In a filing with the SEC, Tesla said it had bought the bitcoin for “more flexibility to further diversify and maximise returns on our cash”.
Spotting risk too late
For Mentel, a car manufacturer investing in bitcoin, and changing its corporate structure to do so, is a major concern.
“By way of comparison, would Volkswagen become a cryptocurrency trading business in the same way?” he said. “Too often in the past investors only find out about concentration or liquidity risk when it’s too late.”
Looking at the implications of such a move for the fund management industry, Mentel noted that high levels of concentration within any fund, whether by sector or for an individual stock, “ring alarm bells”.
“If a fund is particularly exposed in one sector, Tatton IM would either exit completely or reduce the size of our investment,” he said. “Tesla is a business that previously had exposure linked to the automotive cycle and battery development. This use of capital is not directed at increasing future manufacturing earnings.”

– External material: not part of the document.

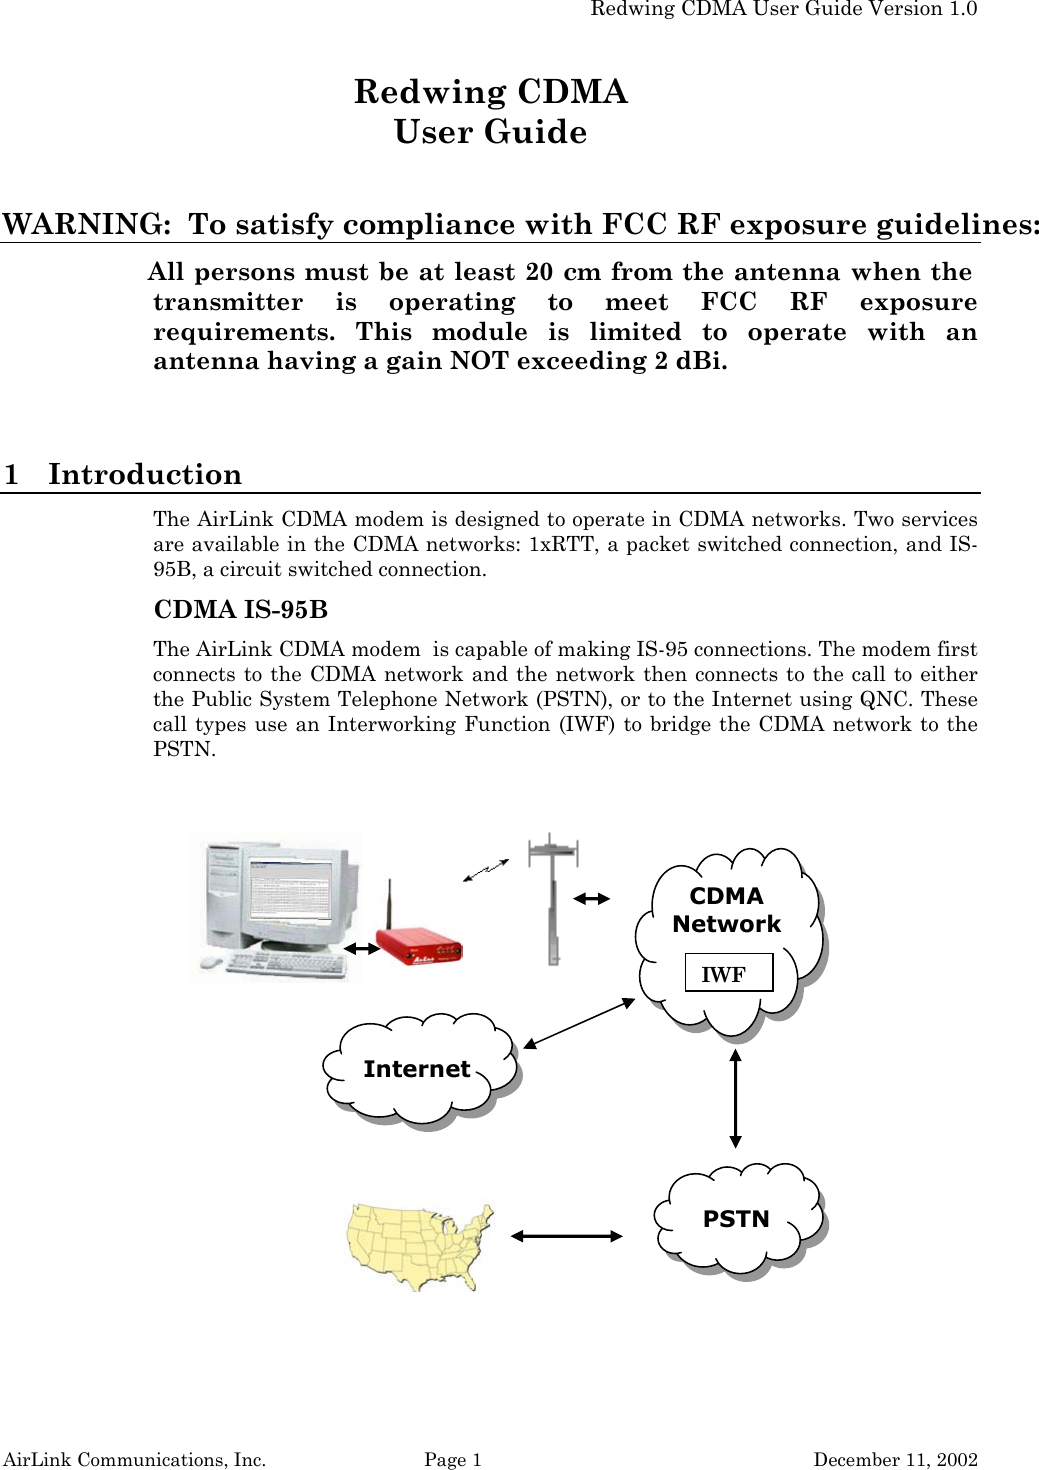   Redwing CDMA User Guide Version 1.0 AirLink Communications, Inc.  Page 1  December 11, 2002 Redwing CDMA User Guide  WARNING:  To satisfy compliance with FCC RF exposure guidelines: All persons must be at least 20 cm from the antenna when the transmitter is operating to meet FCC RF exposure requirements. This module is limited to operate with an antenna having a gain NOT exceeding 2 dBi.  1 Introduction The AirLink CDMA modem is designed to operate in CDMA networks. Two services are available in the CDMA networks: 1xRTT, a packet switched connection, and IS-95B, a circuit switched connection. CDMA IS-95B The AirLink CDMA modem  is capable of making IS-95 connections. The modem first connects to the CDMA network and the network then connects to the call to either the Public System Telephone Network (PSTN), or to the Internet using QNC. These call types use an Interworking Function (IWF) to bridge the CDMA network to the PSTN.   CDMA Network    IWF PSTN Internet

For any sensible investor, Mentel said the key should be about visibility and timing.
“It may sound boring, perhaps, but investing your life savings is a long-term business,” he said. “Fundamental to Tatton IM’s investment process is to create repeatable, sustained returns.”
He added: “There are many potential uses for a cryptocurrency but the essential premise of Tesla is that it is an innovative EV car company. It has led the way we travel. This diversification into cryptocurrency looks speculative.”
Russian roulette
According to research conducted by findoutnow on behalf of AJ Bell, more than half (58%) of crypto investors in the UK don’t have an Isa, while fewer than half have a pension.
“Our research suggests that a generation of investors have leap-frogged traditional savings and investments and jumped straight into the deep end by buying cryptocurrencies,” said Laith Khalaf, financial analyst at AJ Bell.
“If you’re the world’s richest man, investing $1.5bn of the assets of your electric car company into bitcoin is one thing. But UK consumers seem to be playing Russian roulette with their money on the cryptocurrency markets.”
As a result, while not doubting Elon Musk’s record of achievements, Khalaf cautioned Tesla’s purchase of bitcoin isn’t a strategy private investors should follow without stopping to consider the downside.
“Indeed, in their latest regulatory filing, Tesla take care to outline many of the risks of buying cryptocurrencies,” he said. “Musk can afford to lose a few quid if things don’t go to plan, not everyone else is in the same boat.”